Anal Cancer: Symptoms & Signs

  • Medical Author:
    Melissa Conrad Stöppler, MD

    Melissa Conrad Stöppler, MD, is a U.S. board-certified Anatomic Pathologist with subspecialty training in the fields of Experimental and Molecular Pathology. Dr. Stöppler's educational background includes a BA with Highest Distinction from the University of Virginia and an MD from the University of North Carolina. She completed residency training in Anatomic Pathology at Georgetown University followed by subspecialty fellowship training in molecular diagnostics and experimental pathology.

Medically Reviewed on 1/31/2019

Anal cancer is cancer that arises in the anus, the end of the intestinal tract where stool (feces) exits the body. The cancer can begin either in the lining of the anus or in the skin surrounding the anus. Anal cancer is different from colon or rectal cancer, which arises in the other parts of the large intestine. Risk factors for developing anal cancer include infection with certain types of human papillomaviruses (HPV), cigarette smoking, many sexual partners, and a weakened immune system.

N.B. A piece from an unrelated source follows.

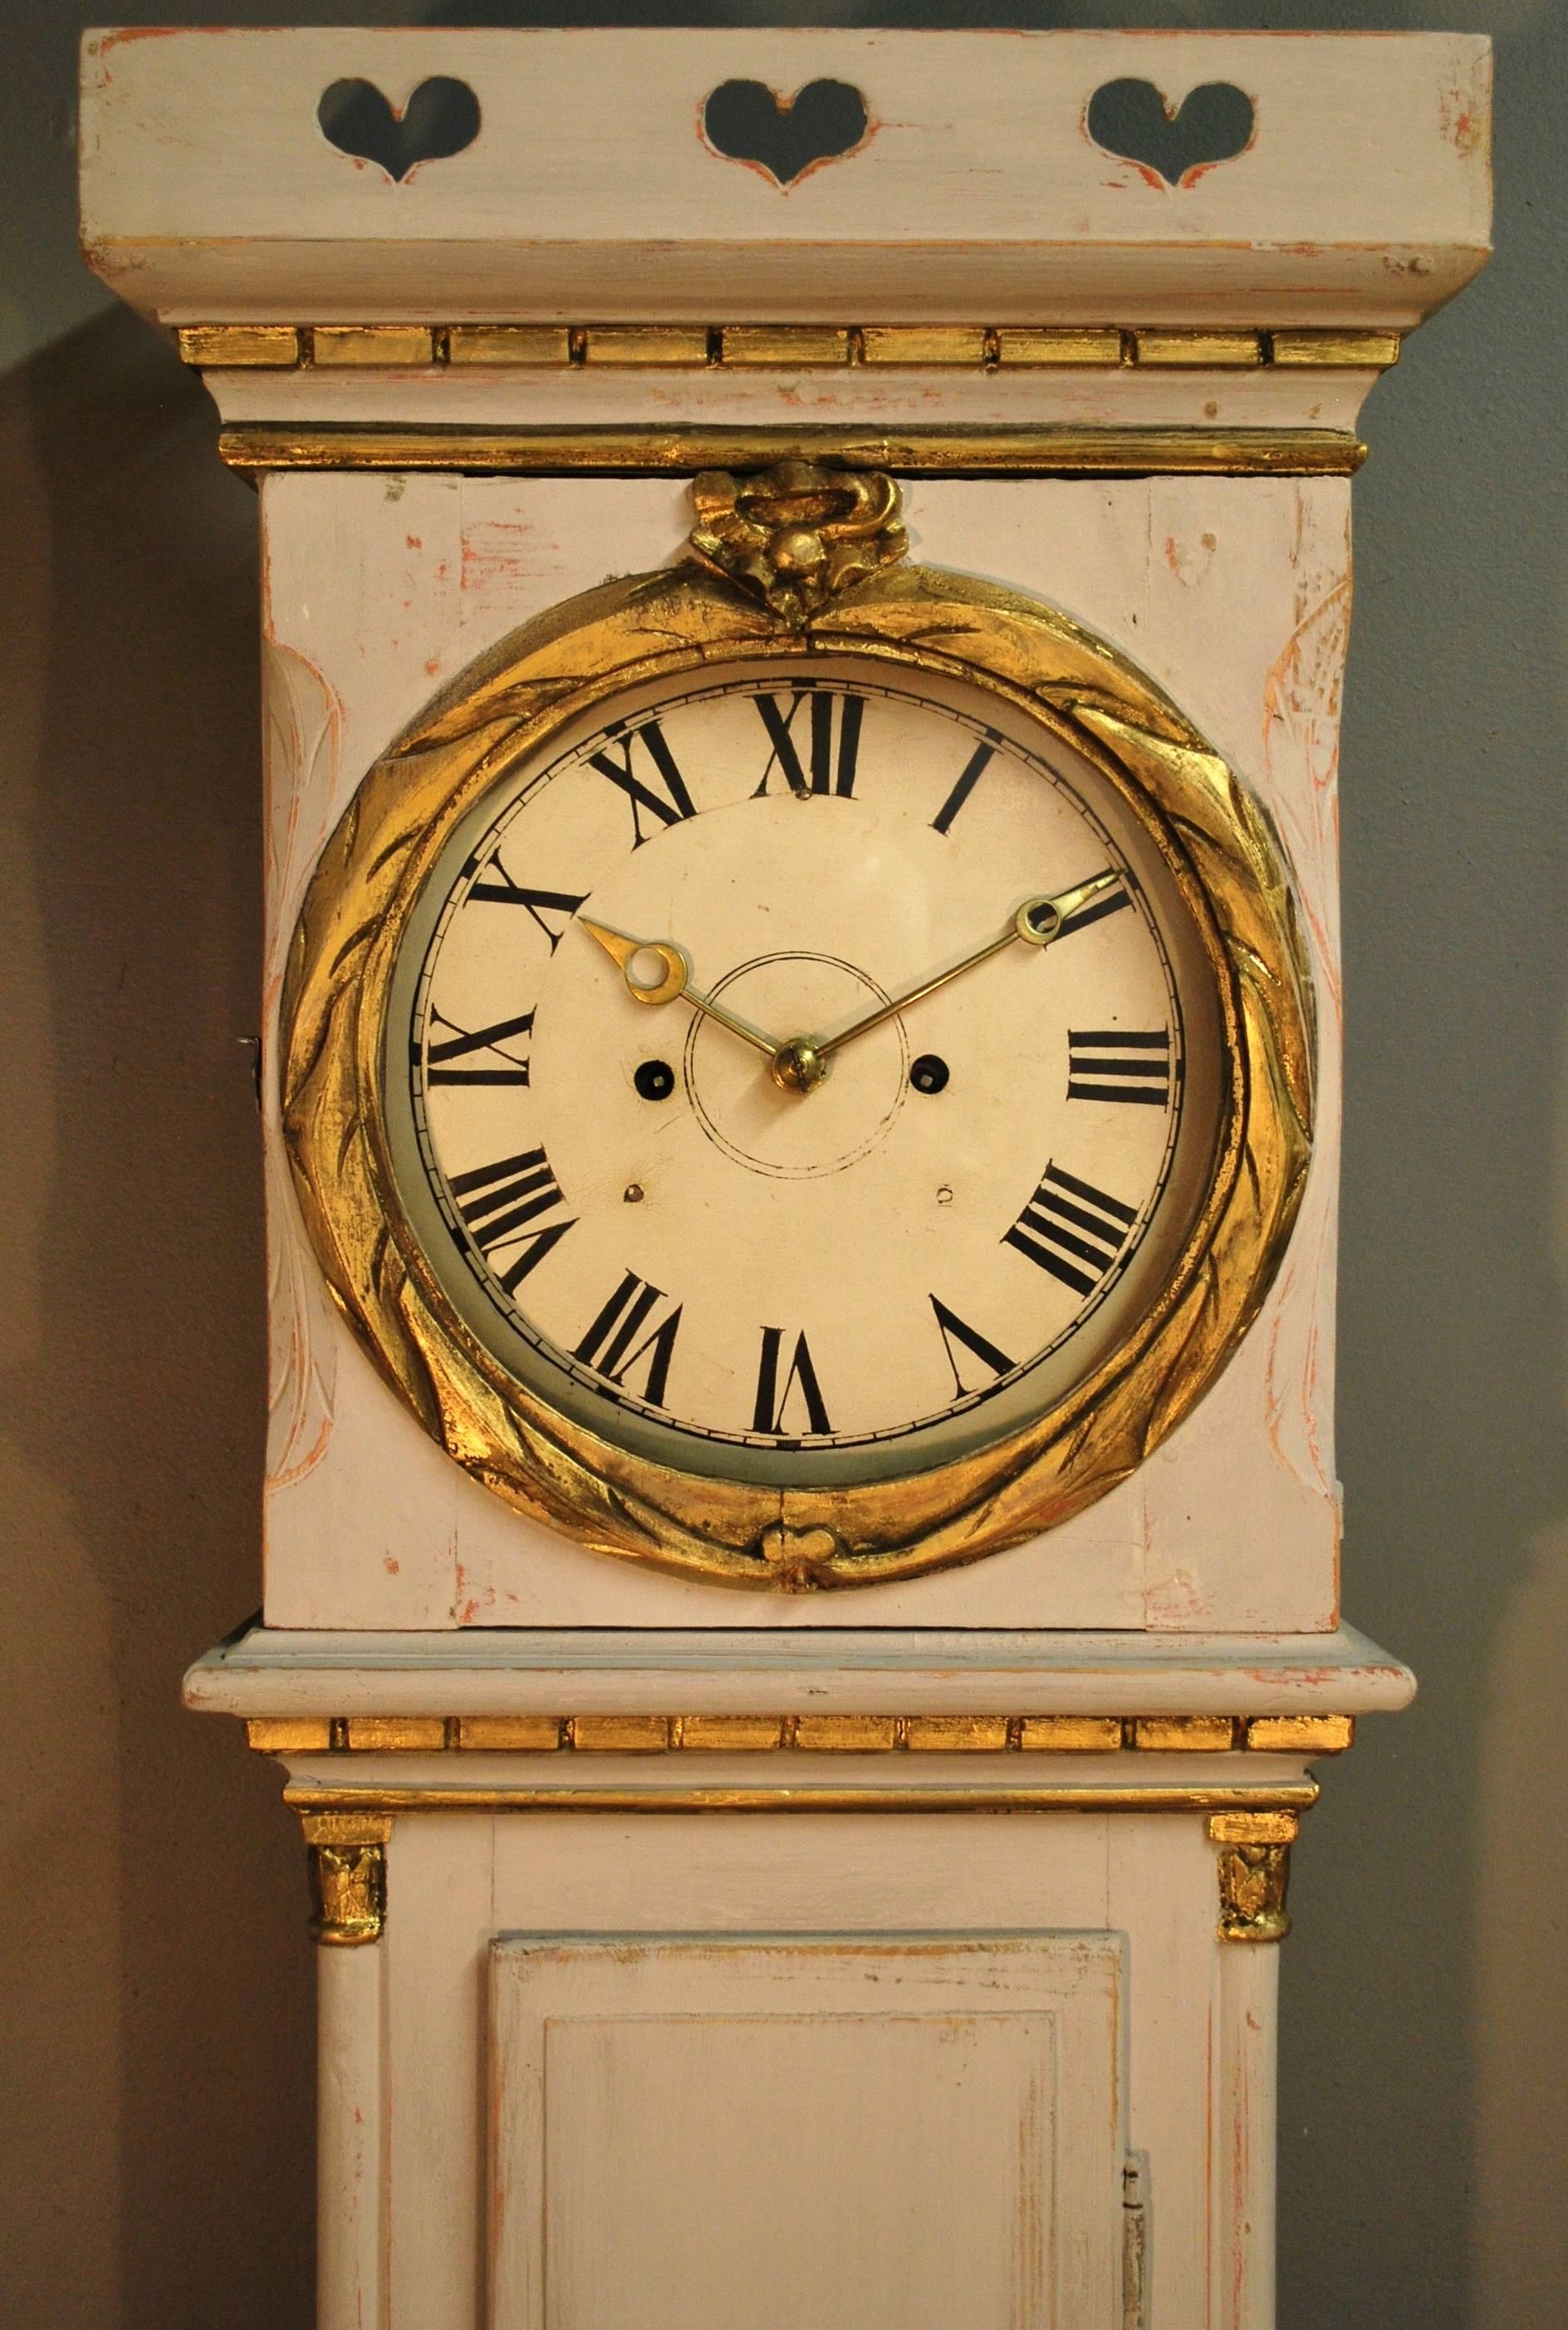 An antique Danish Bornholm tall case clock displaying a decorative crown, Classic dentil trim, a swagged detail on the base. The original brass weight driven and pendulum regulated works have been cleaned and in excellent running order, chiming on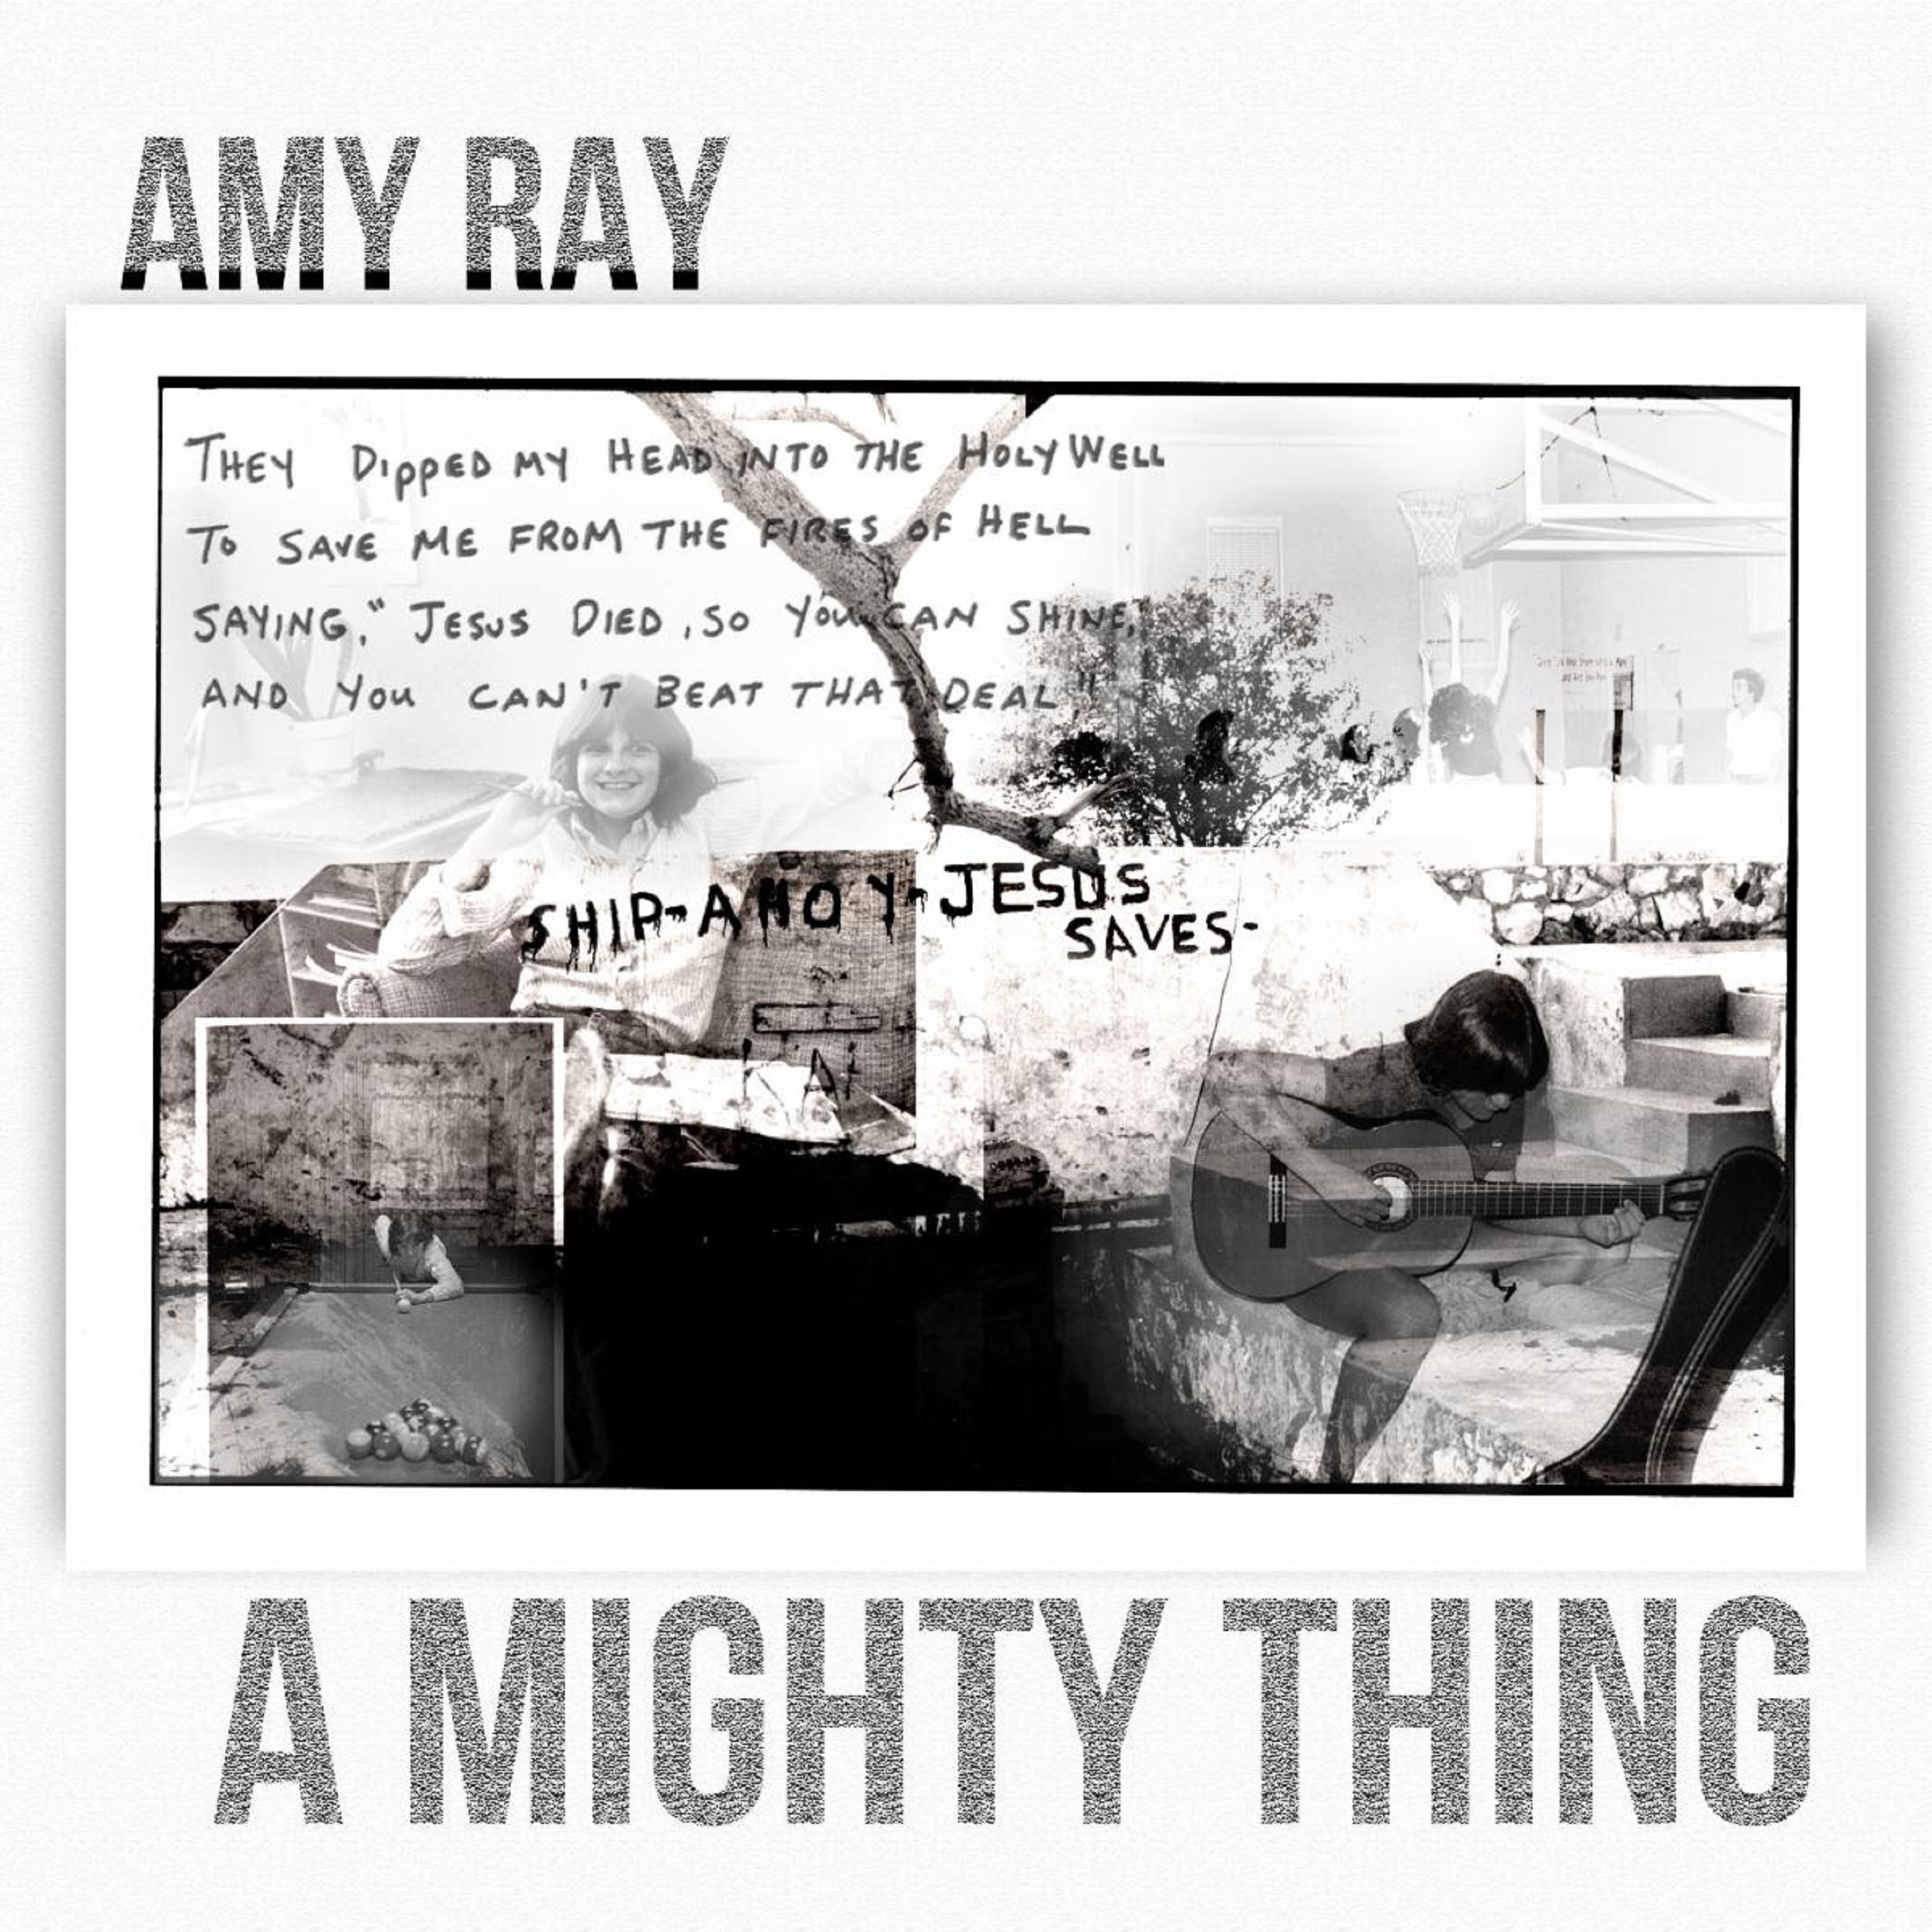 AMY RAY shares topical video from her new album IF IT ALL GOES SOUTH, out September 16

Symptoms and signs of anal cancer include a hard lump or mass near the anus, anal discharge or bleeding, and a change in bowel habits. Other associated signs and symptoms can include pain when defecating, itching of the anal area, and a sense of pressure or a foreign body sensation in the area.

REFERENCE:

Kasper, D.L., et al., eds. Harrison's Principles of Internal Medicine, 19th Ed. United States: McGraw-Hill Education, 2015.